Cette érudition ne se cantonne pas aux classiques - ou aux symbolistes. Le 11 décembre 2014, "La Grande Librairie" consacrait une émission spéciale aux "20 livres qui ont changé votre vie". Parmi les invités venus parler de leur ouvrage préféré, l'acteur François Cluzet évoque avec émotion le roman La Gana de Fred Deux, devant un parterre pantois et stupéfait. Une chronique de la vie d'un couple de gardiens d'immeuble et de leur enfant dans une cave, sous forme de cauchemar presque irréel. "Je ne connais pas", admet l'animateur et critique littéraire François Busnel. Personne n'en avait entendu parler sauf... devinez qui ? Jean d'Ormesson, qui confirmait : "C'est un grand livre."
Un malade altruiste
Tourbillon spirituel, il a beaucoup amusé. Puis il s'est éclipsé des médias, rattrapé par la maladie. En rémission, il a parlé de ce cancer, sur RTL, le 24 septembre 2013 : "J'ai senti à quel point j'étais privilégié, a-t-il déclaré au journaliste Bernard Lehut. Les gens m'ont aidé (...) et ce n'est pas seulement une question d'argent. Je pense aux gens qui sont malades et qui ne connaissent personne : qu'est-ce qu'ils font ? Je pense à tous ceux qui n'ont pas les moyens de se débrouiller avec tous ces papiers, avec tout ça... C'est effrayant."

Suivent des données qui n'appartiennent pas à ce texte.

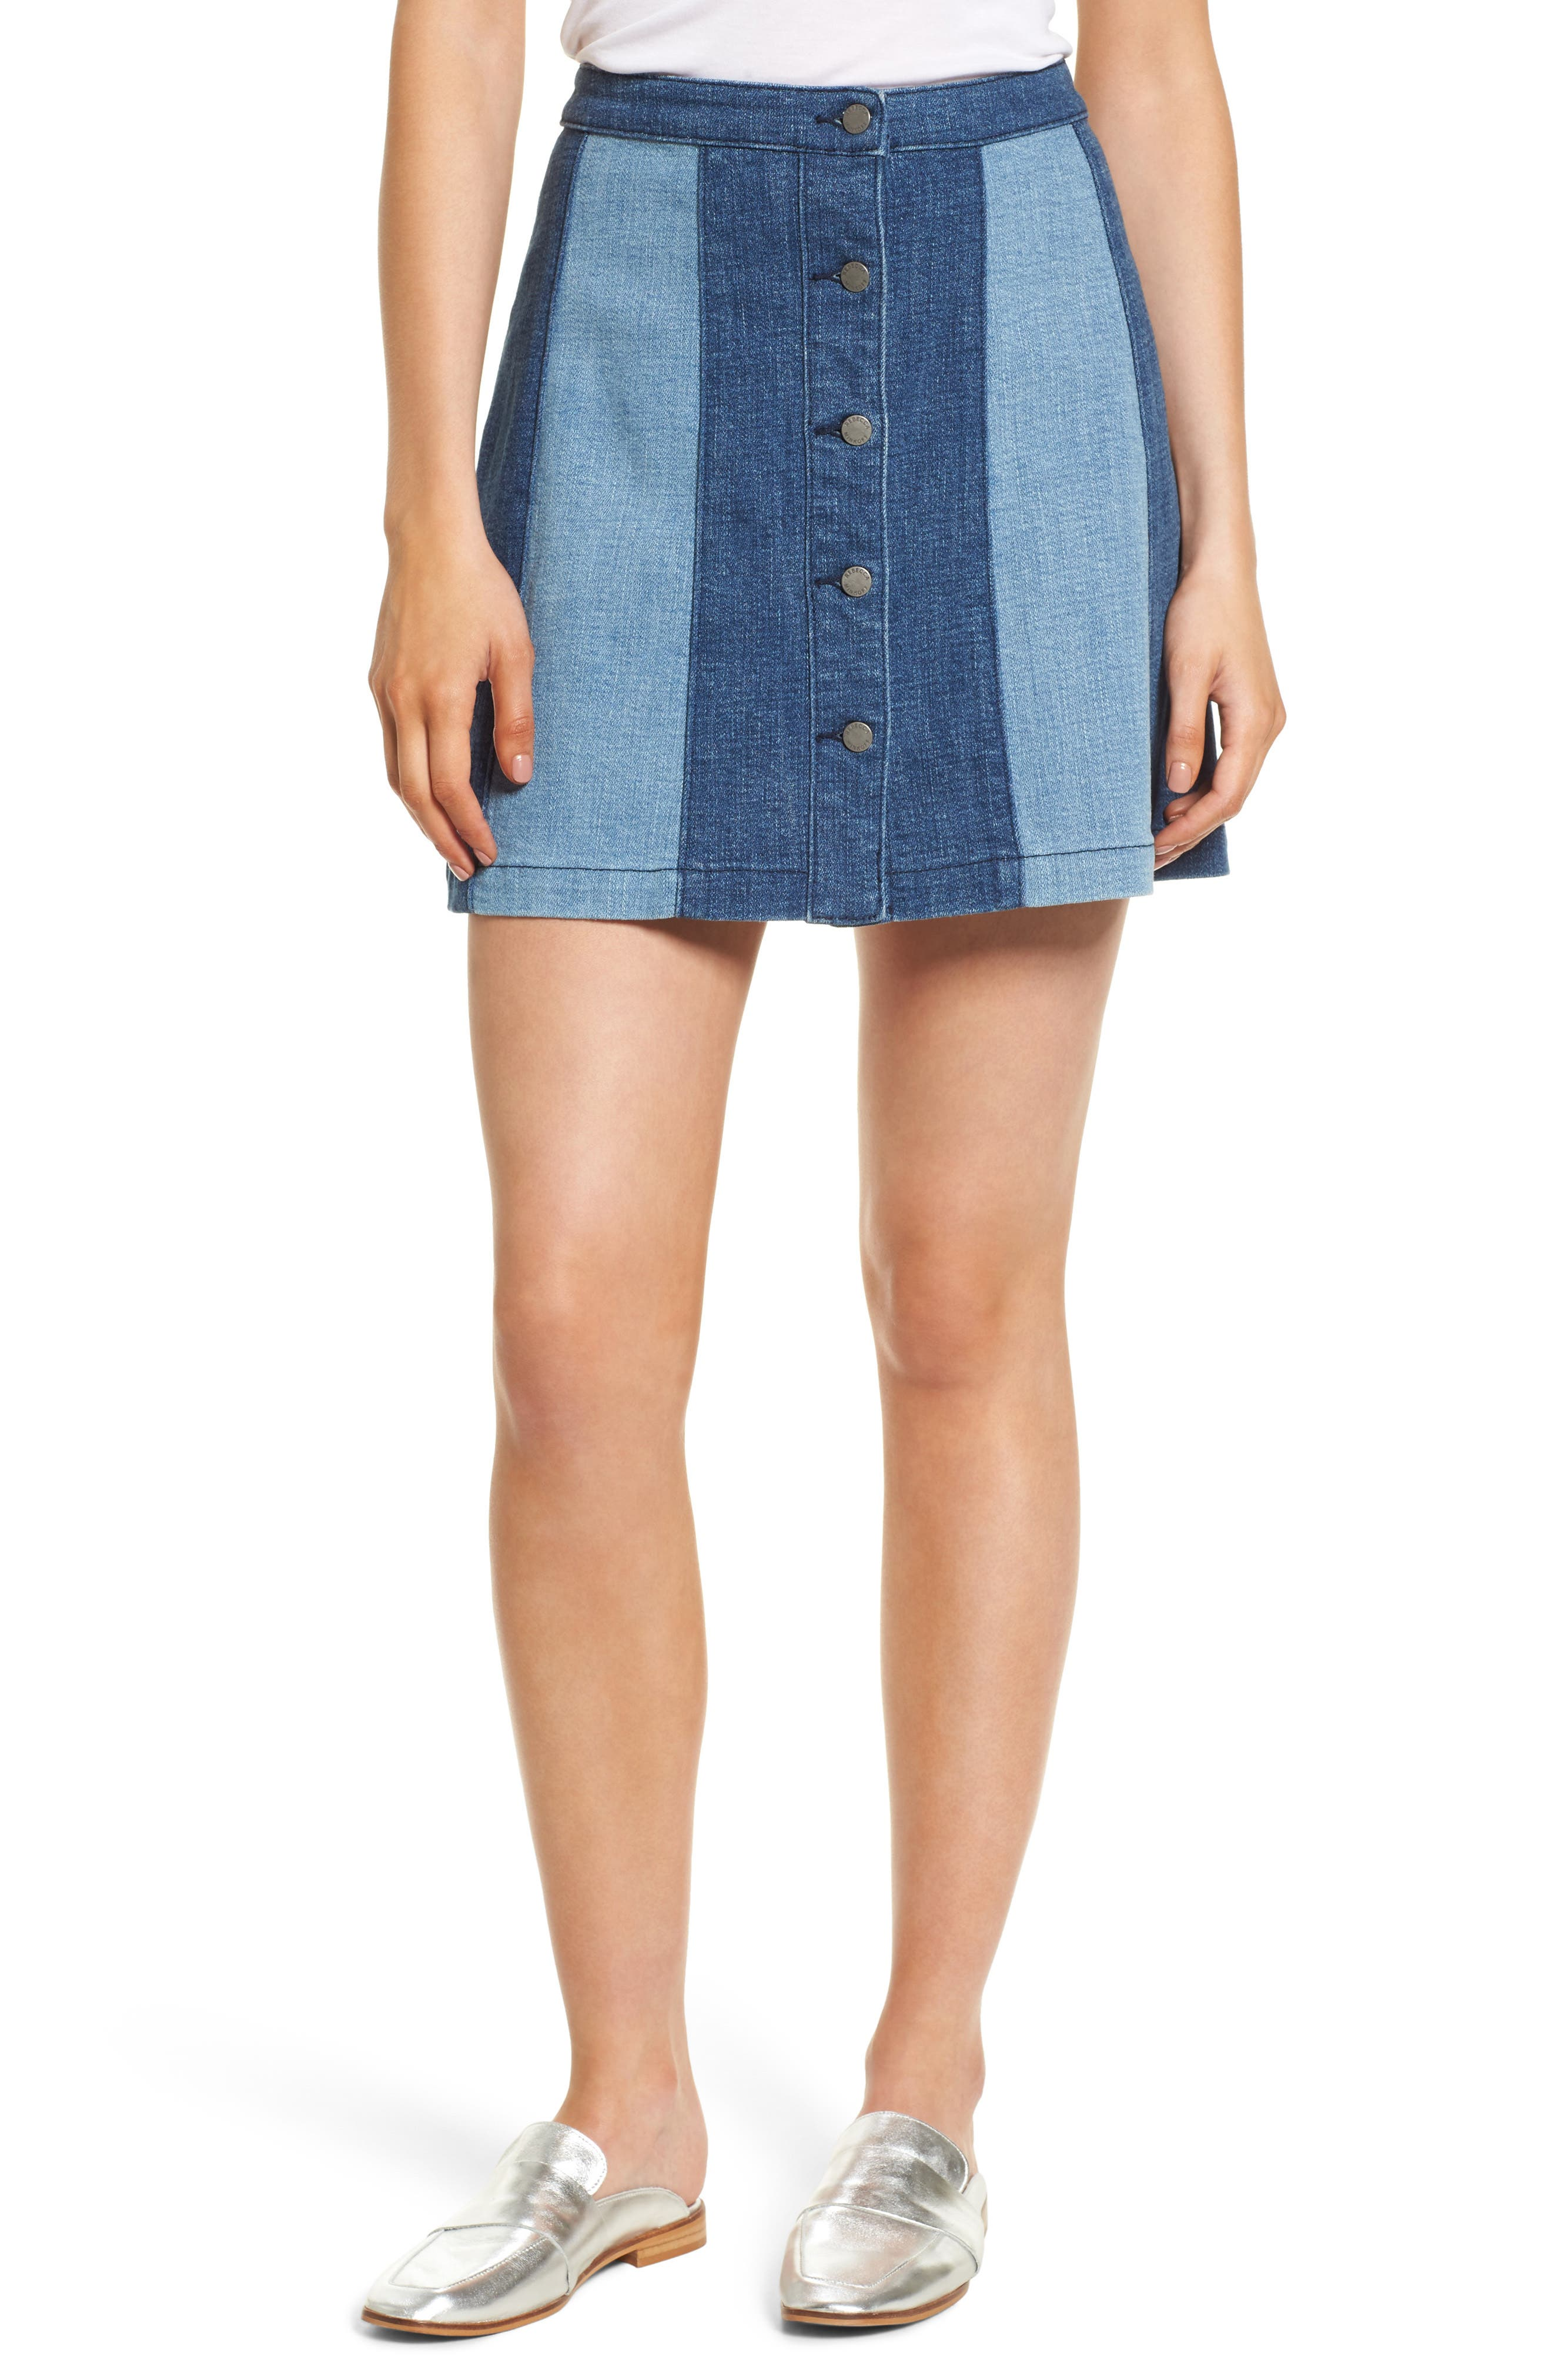 Beatty Denim Miniskirt,                             Main thumbnail 1, color,                             Indigo

Et, continue-t-il, "je garde un souvenir merveilleux de l'hôpital. Je leur ai dit que j'étais très triste de partir d'ici parce que les gens sont formidables, formidables, tous ! Il y avait des infirmières de toutes les races, de toutes les croyances, tout ça était épatant." Avant de conclure : "Je suis sorti de cette épreuve avec les idées que j'avais en y entrant, mais socialement avec une teinture d'extrême gauche. Les gens sont malheureux et il faut absolument essayer de rétablir l'égalité des chances, d'abord au début de la vie, ensuite à l'école et ensuite à la fin de la vie, dans la maladie". Plus que jamais, la devise britannique "Never explain, never complain" ("Ne jamais expliquer, ne jamais se plaindre") reste celle d'une certaine élégance, signée Jean d'Ormesson.